Task requirements:
Transcription, pictures excluded: write out the data below exactly.

*** Opening Collected material ***

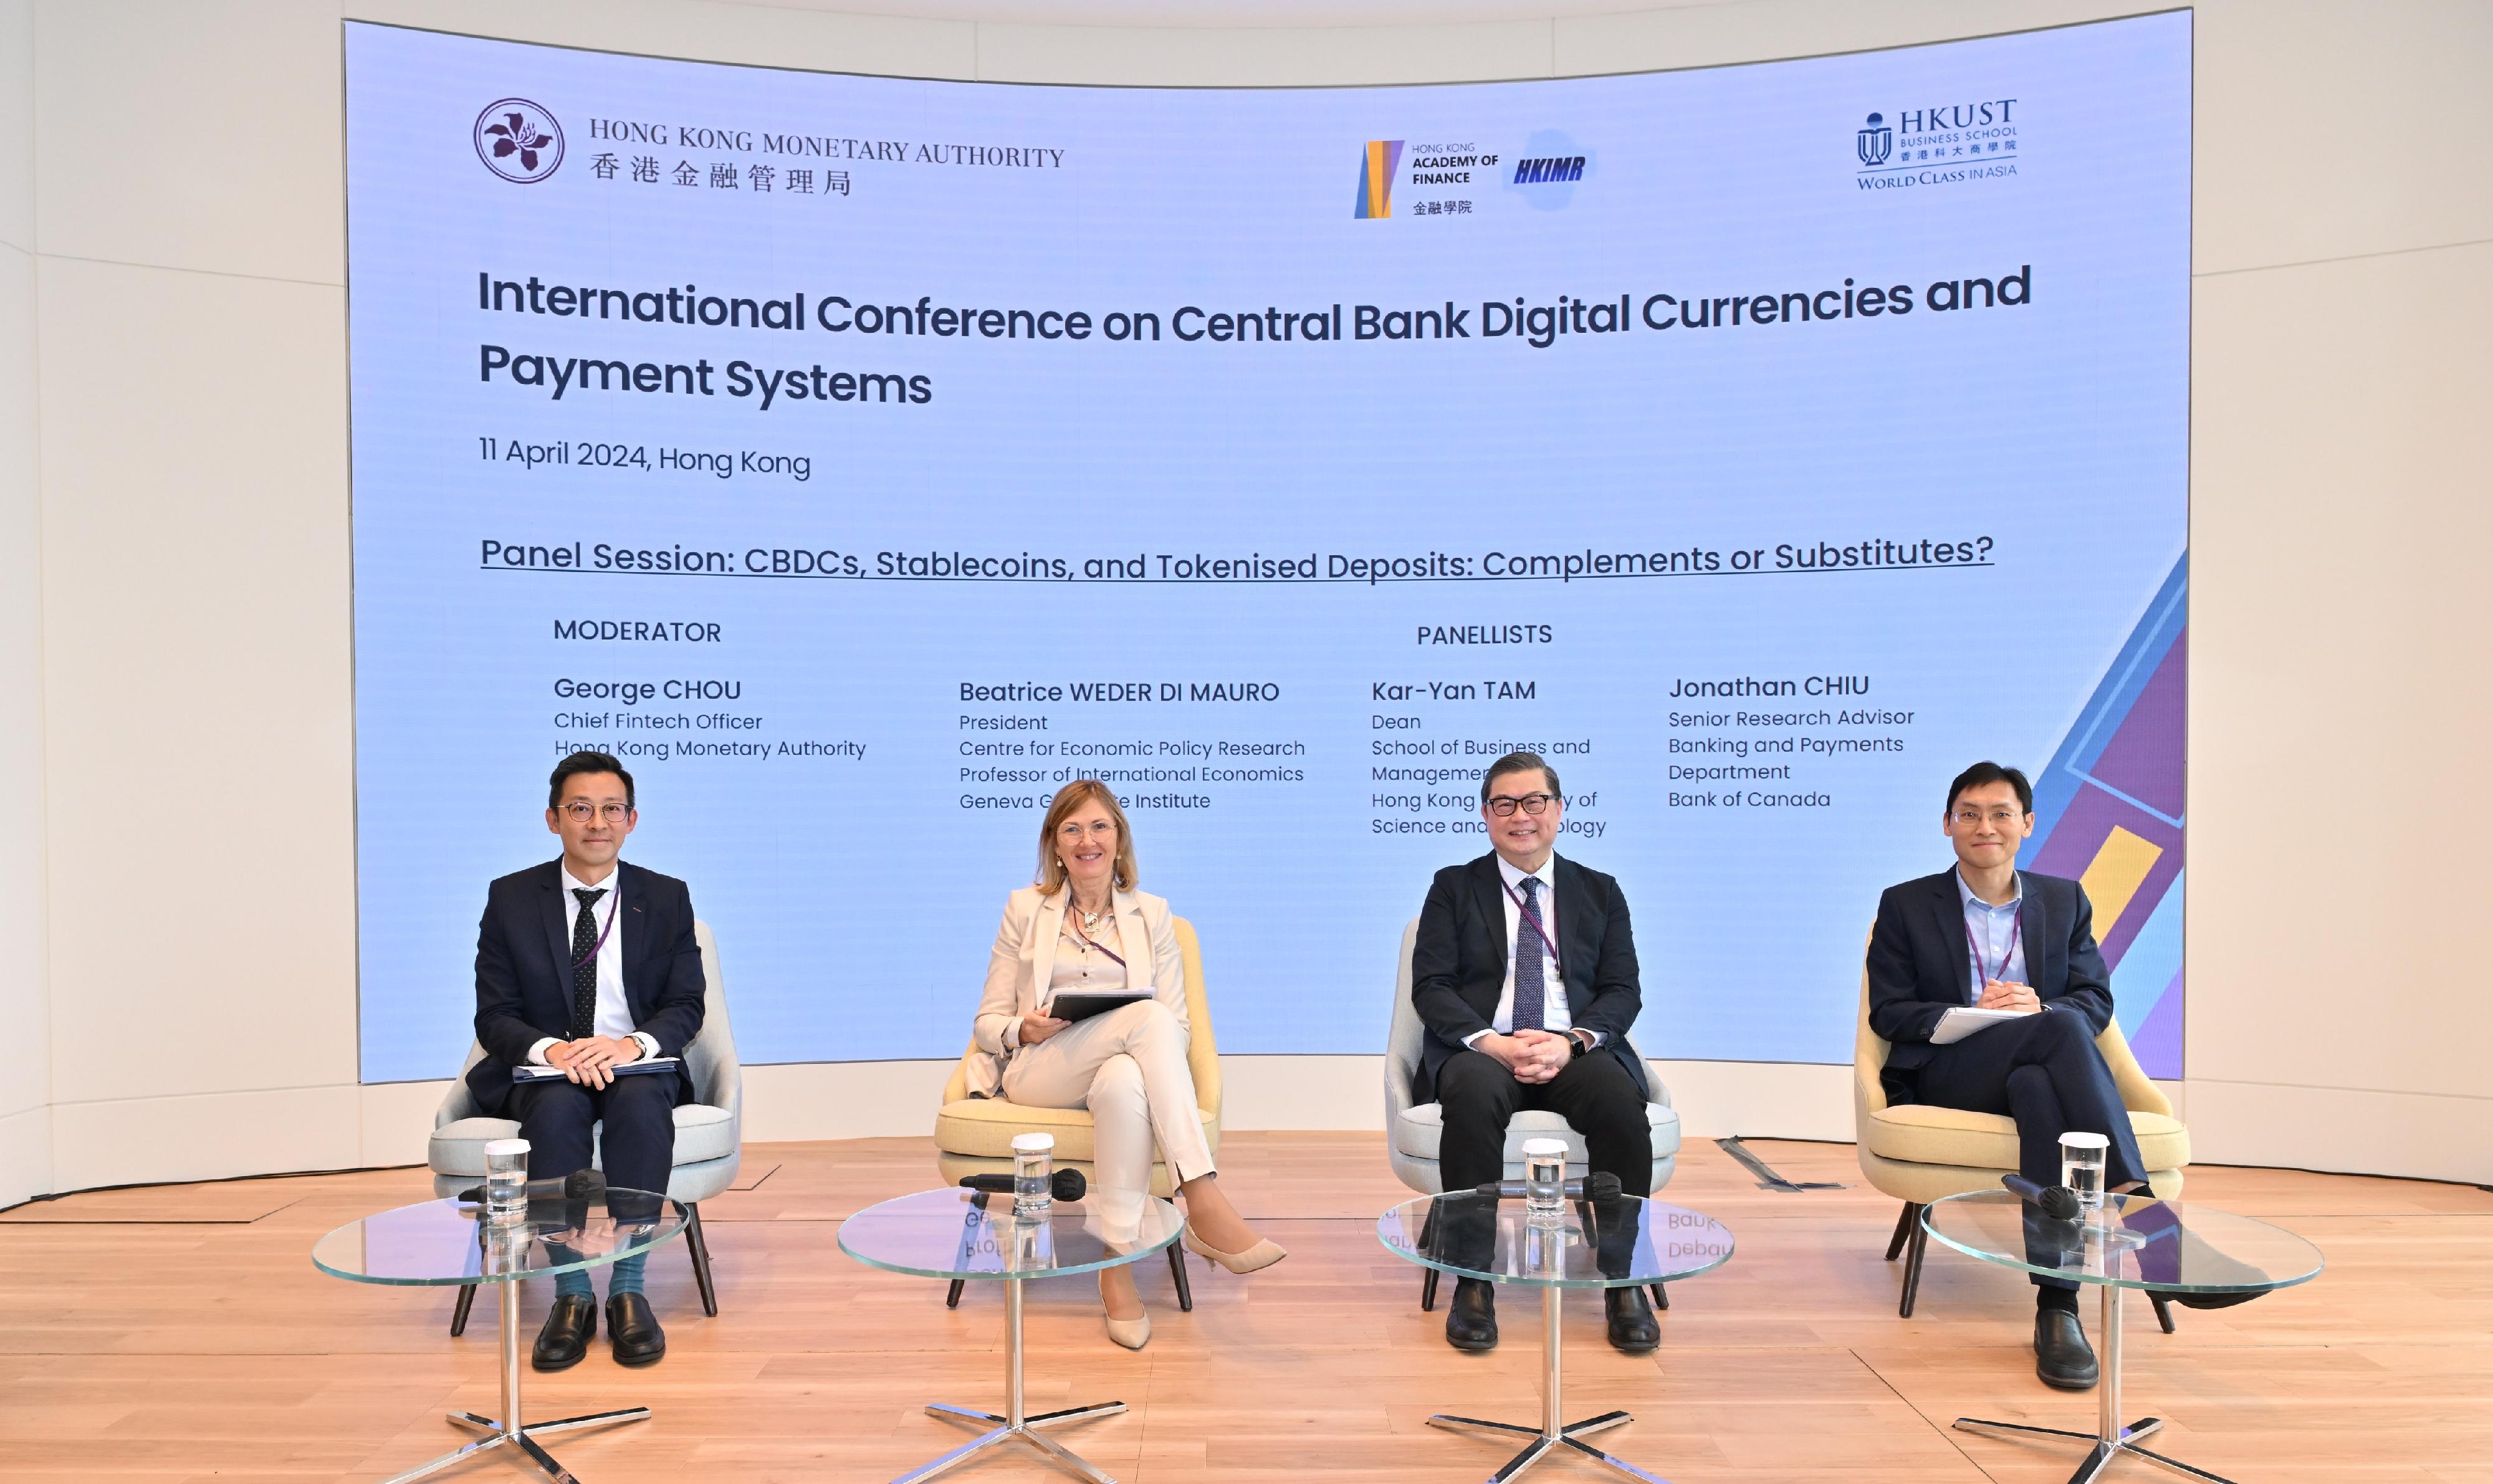 The Chief Fintech Officer of the Hong Kong Monetary Authority, Mr George Chou, moderates a panel discussion titled "CBDCs, Stablecoins, and Tokenised Deposits: Complements or Substitutes?" with Senior Research Advisor, Banking and Payments Department of Bank of Canada, Dr Jonathan Chiu; the Dean, School of Business and Management of The Hong Kong University of Science and Technology, Professor Tam Kar-yan; and the President of Centre for Economic Policy Research and Professor of International Economics of Geneva Graduate Institute, Professor Beatrice Weder Di Mauro.
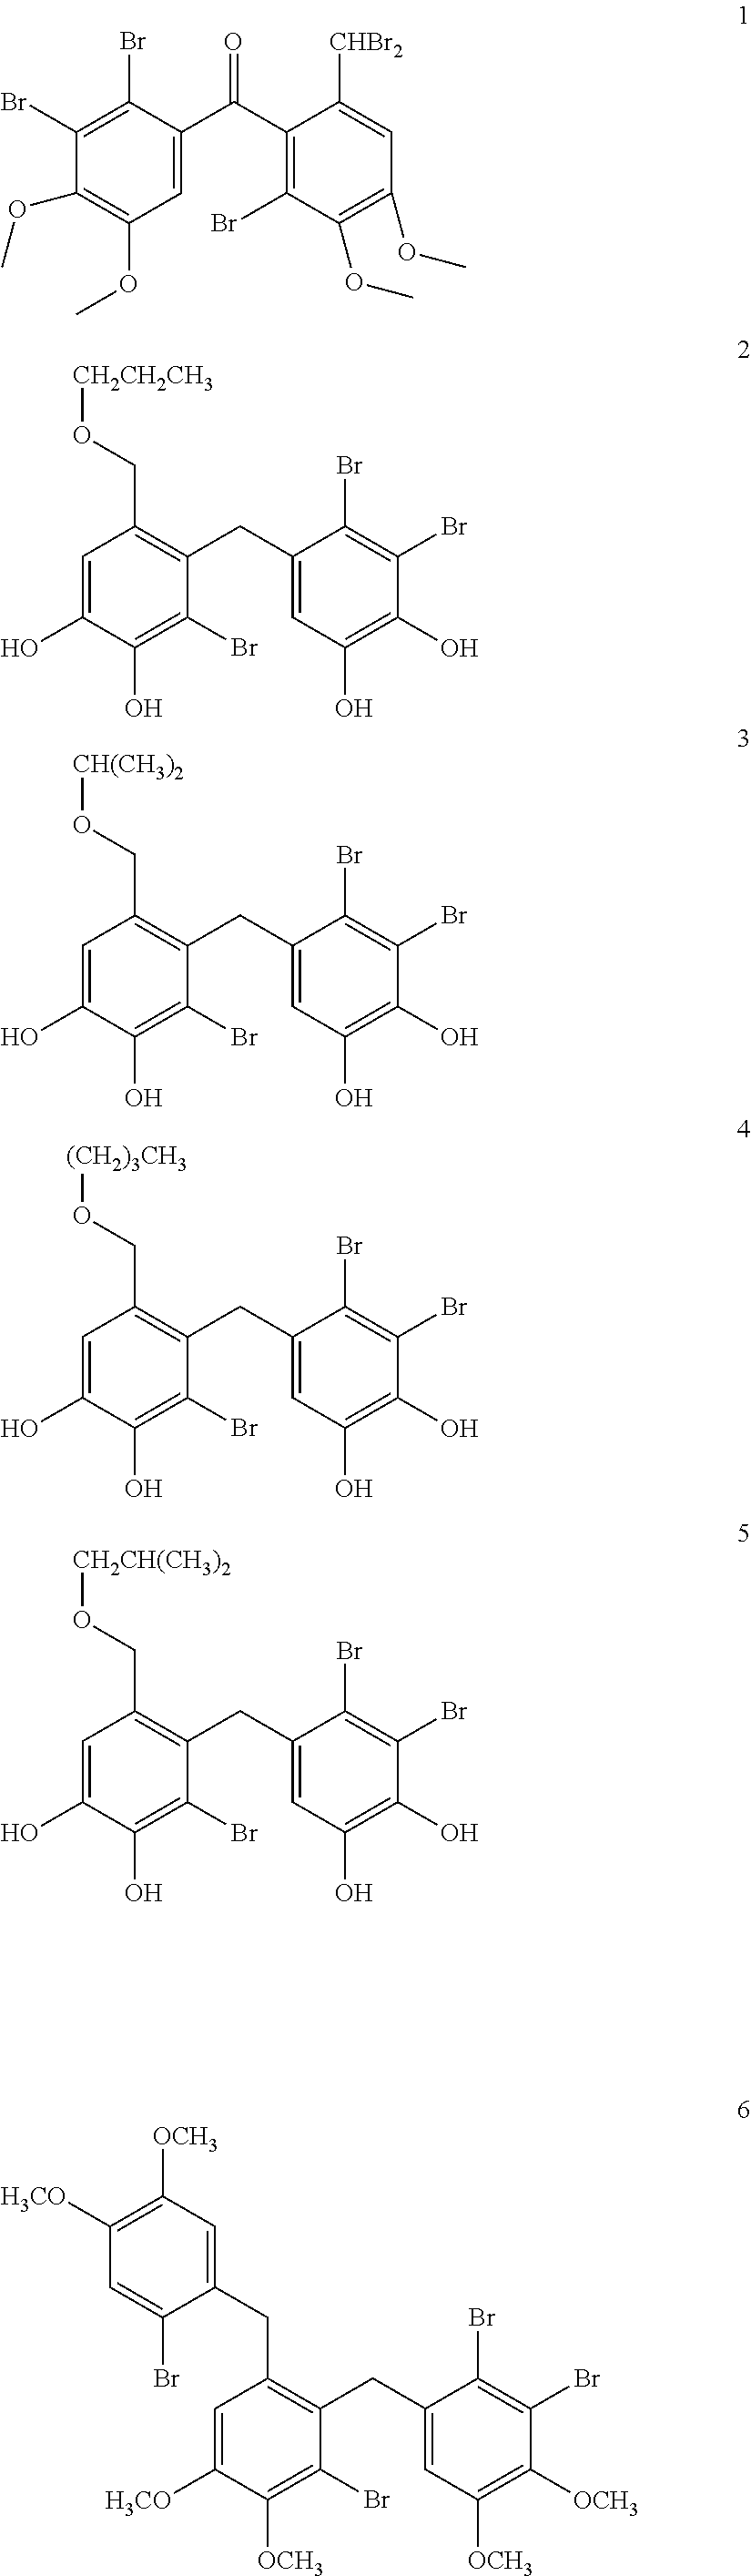 Ptp1b inhibitors, synthesis thereof and application thereof in preparation of medicaments for treating type 2 diabetes mellitus
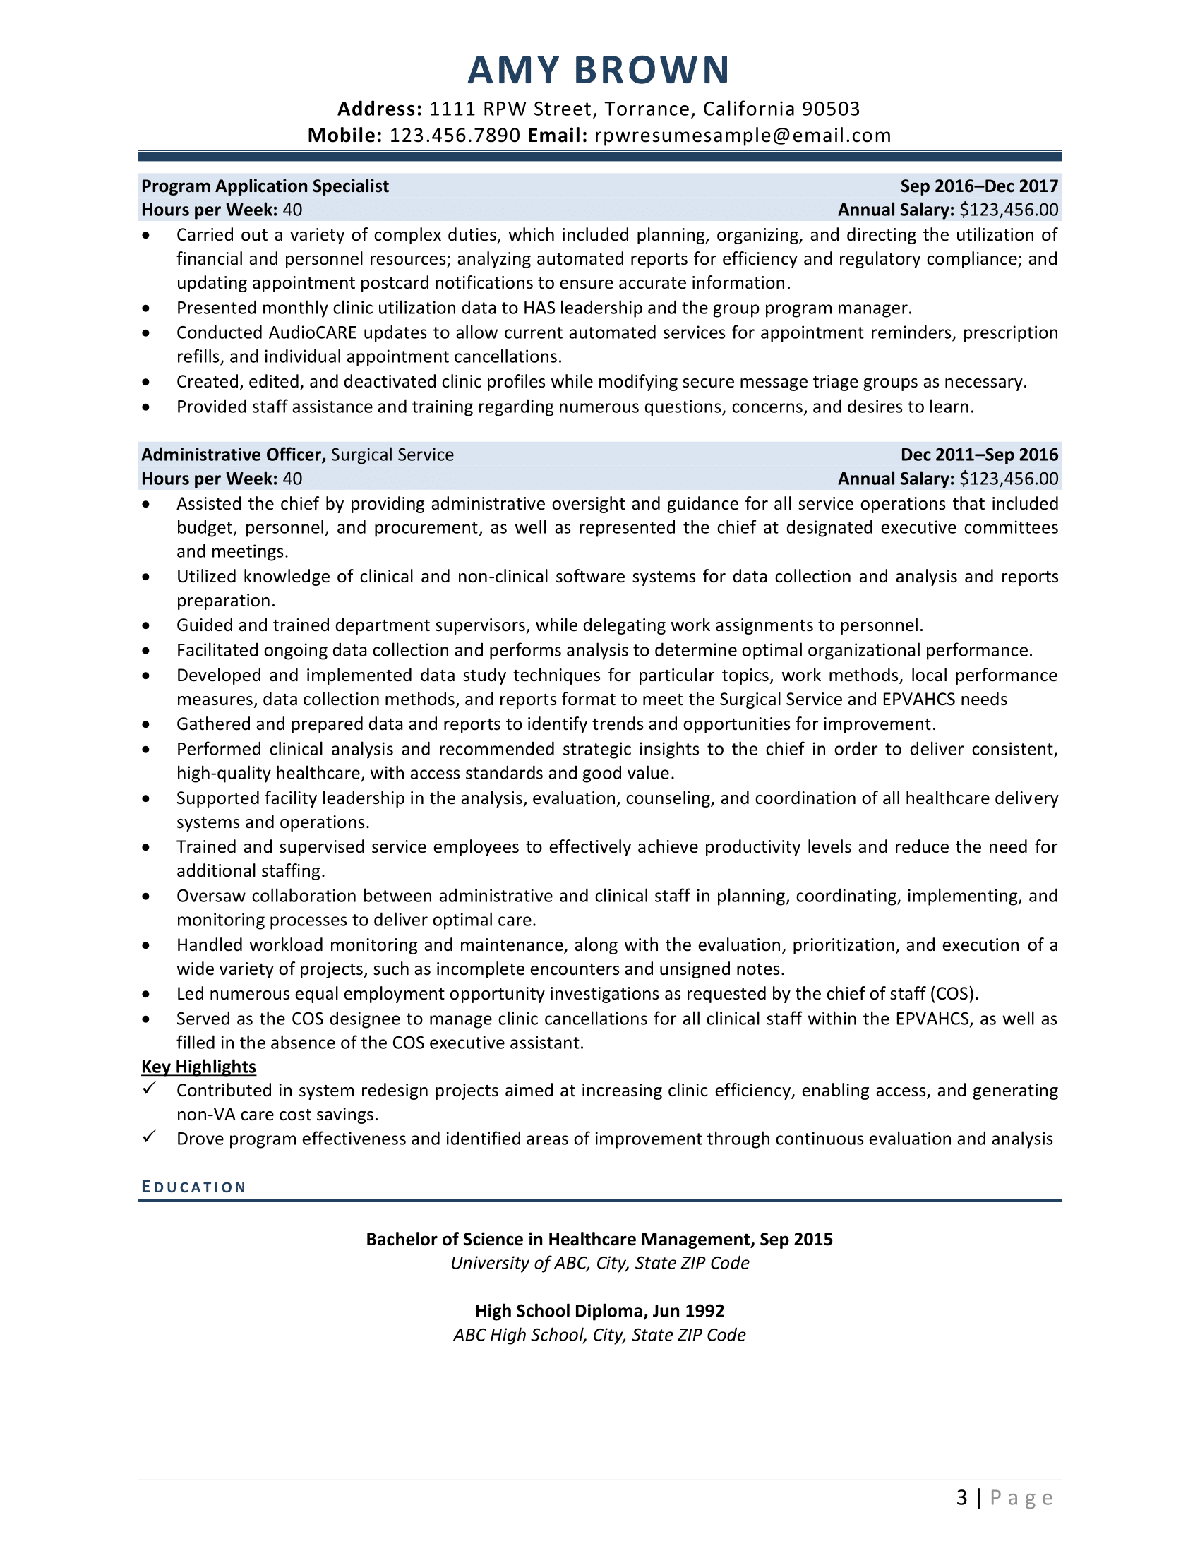 Health Systems Specialist Federal Resume Example Page 3

*** Closing Collected material ***

Output for this task:
 The Chief Fintech Officer of the Hong Kong Monetary Authority, Mr George Chou, moderates a panel discussion titled "CBDCs, Stablecoins, and Tokenised Deposits: Complements or Substitutes?" with Senior Research Advisor, Banking and Payments Department of Bank of Canada, Dr Jonathan Chiu; the Dean, School of Business and Management of The Hong Kong University of Science and Technology, Professor Tam Kar-yan; and the President of Centre for Economic Policy Research and Professor of International Economics of Geneva Graduate Institute, Professor Beatrice Weder Di Mauro.
 Ptp1b inhibitors, synthesis thereof and application thereof in preparation of medicaments for treating type 2 diabetes mellitus
 Health Systems Specialist Federal Resume Example Page 3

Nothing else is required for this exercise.